=== Section Start ===
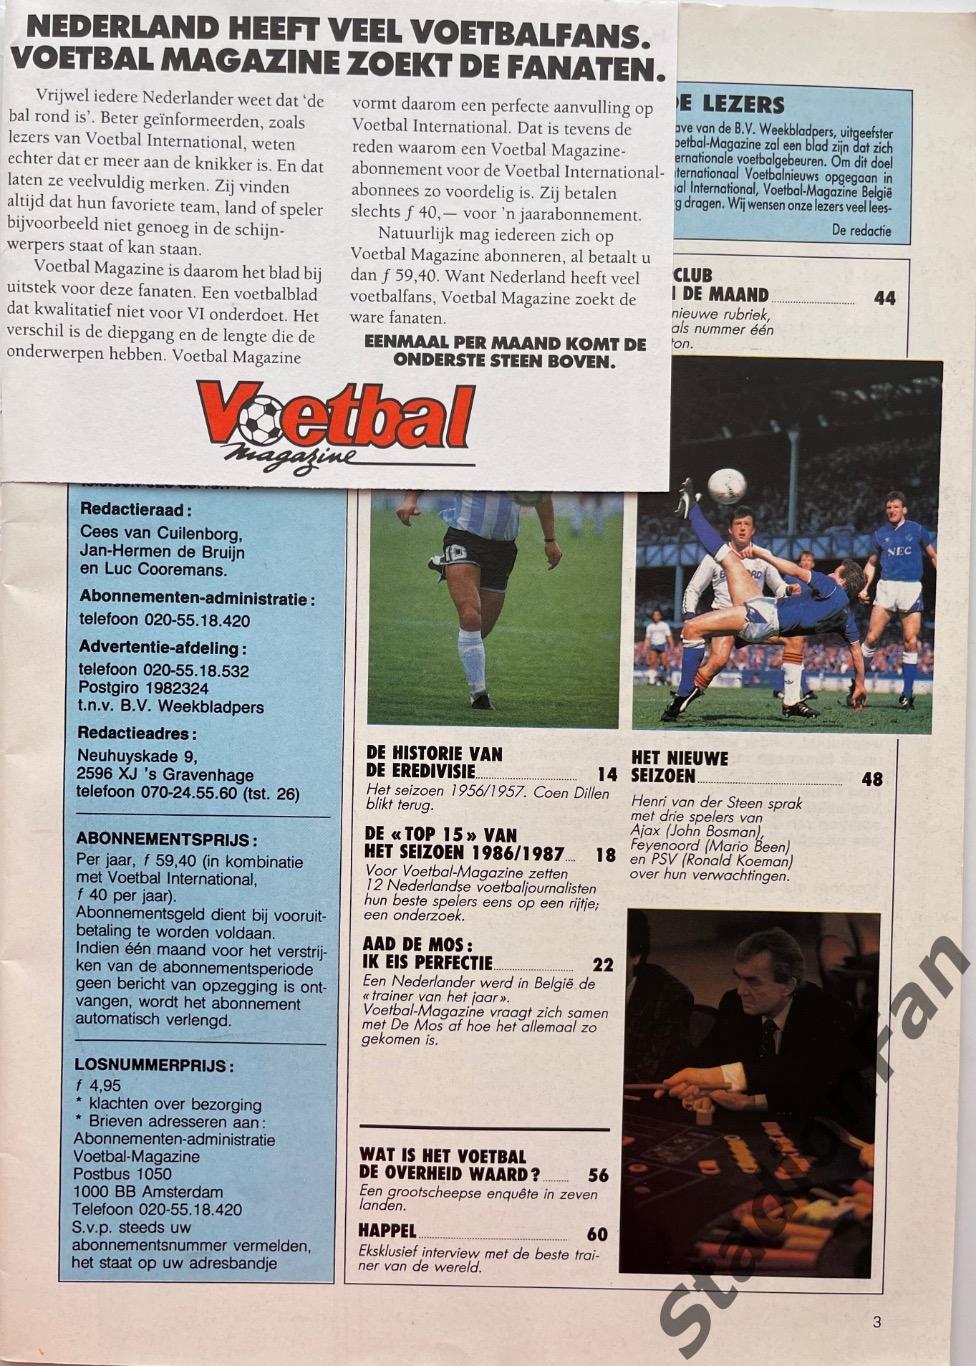 Журнал Voetbal - 1985 год. 3
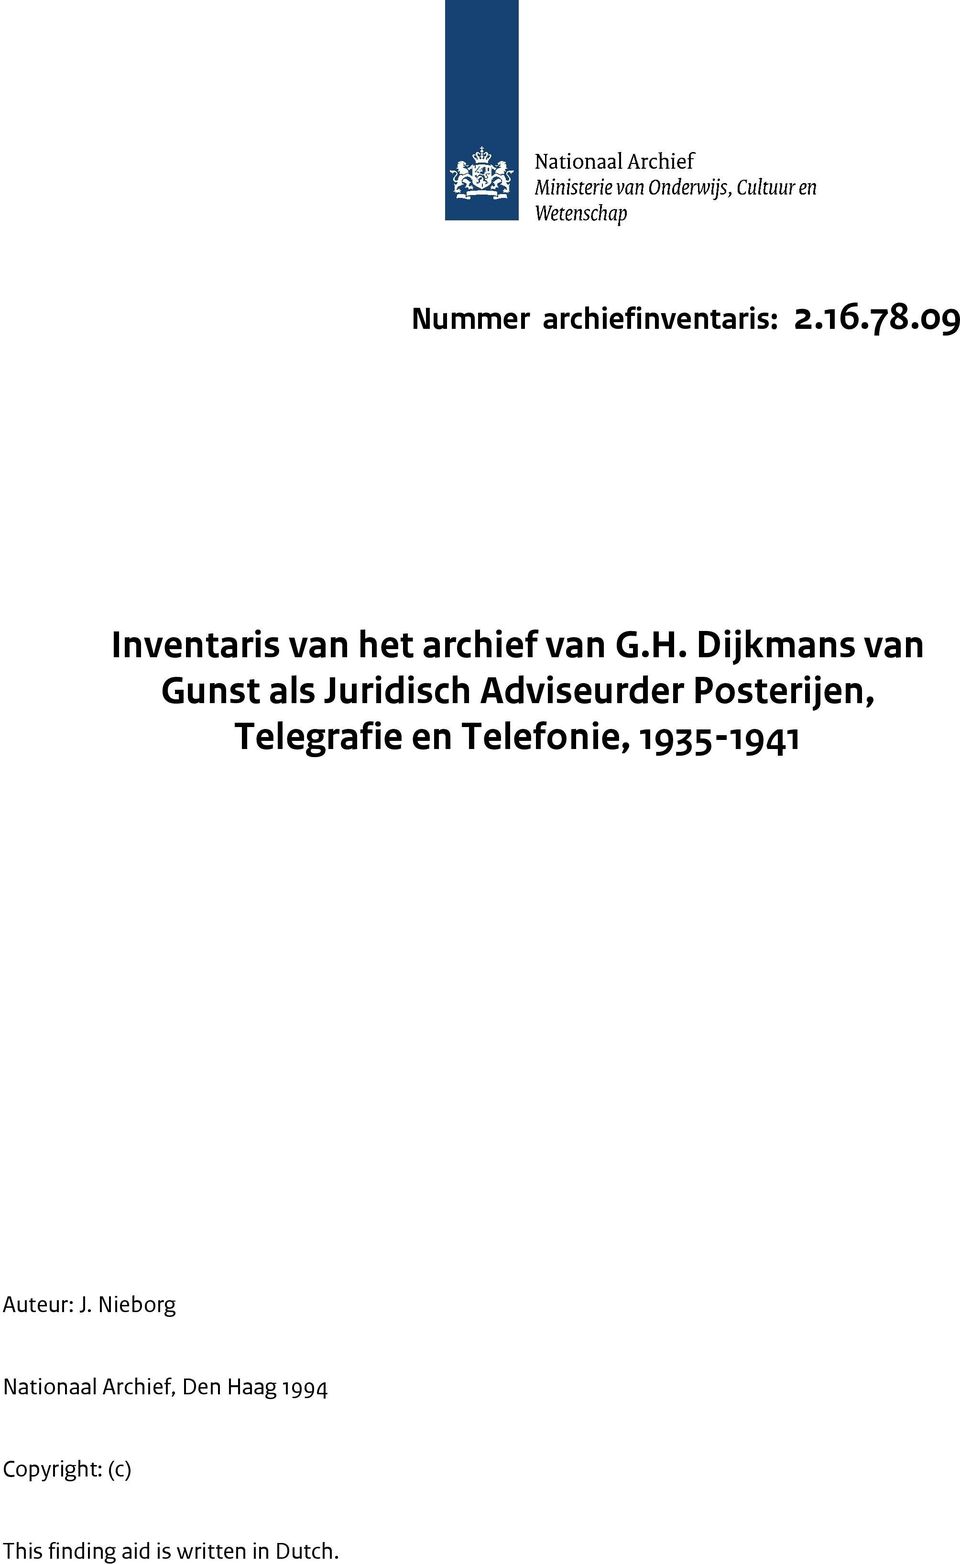 Dijkmans van Gunst als Juridisch Adviseurder Posterijen, Telegrafie
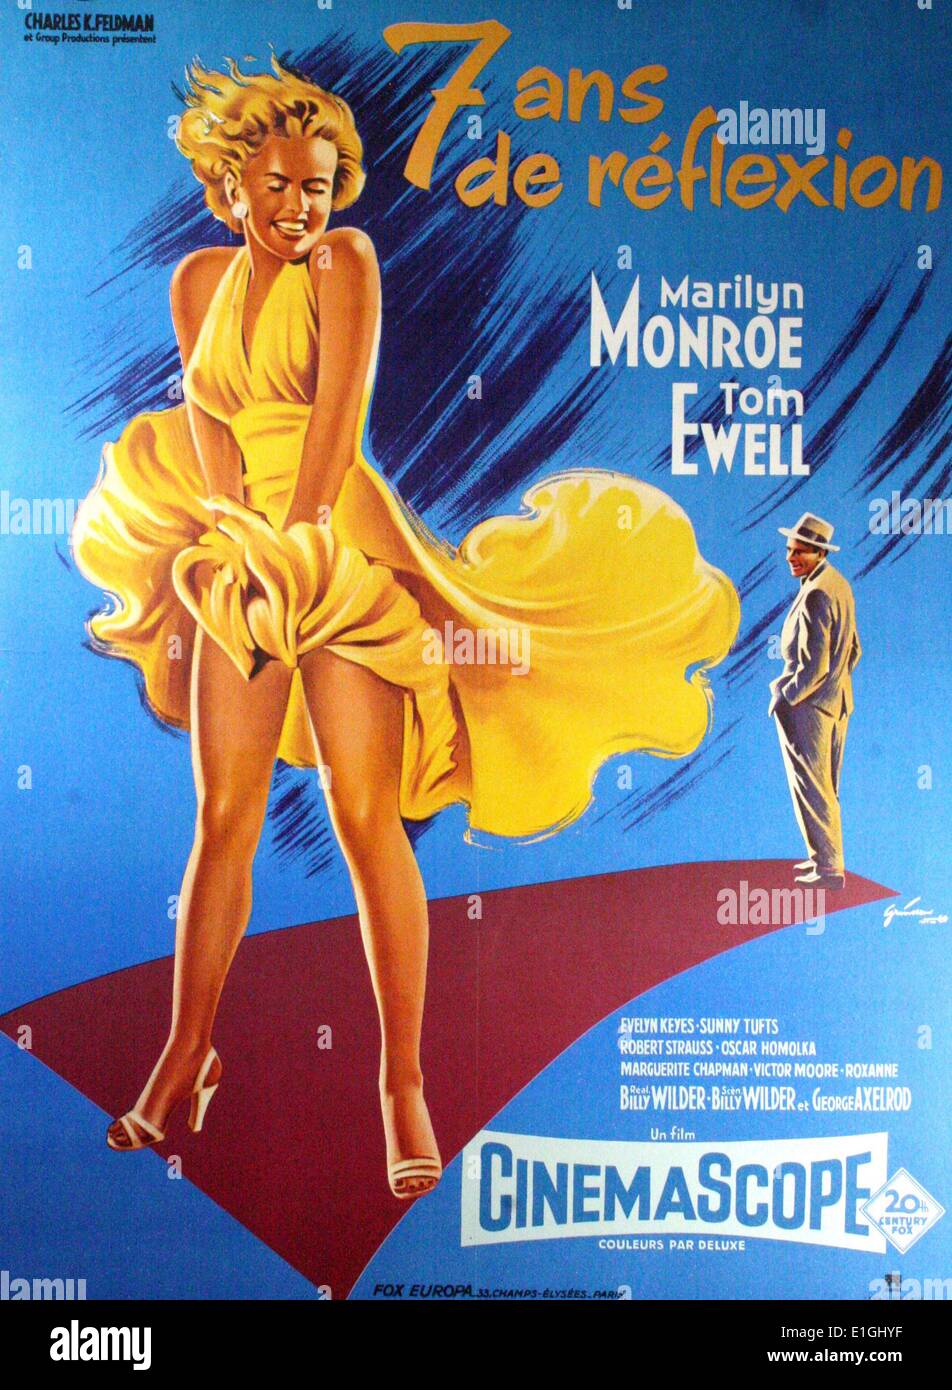 Das verflixte siebte Jahr eine romantische Komödie 1955 Film mit Marilyn Monroe und Tom Ewell. Stockfoto
=== Section End ===
_AIM OF THE TASK_. The whole of the data above needs retyping exactly, with pictures omitted.

_RESULT_.
 Журнал Voetbal - 1985 год. 3
 Dijkmans van Gunst als Juridisch Adviseurder Posterijen, Telegrafie
 Das verflixte siebte Jahr eine romantische Komödie 1955 Film mit Marilyn Monroe und Tom Ewell. Stockfoto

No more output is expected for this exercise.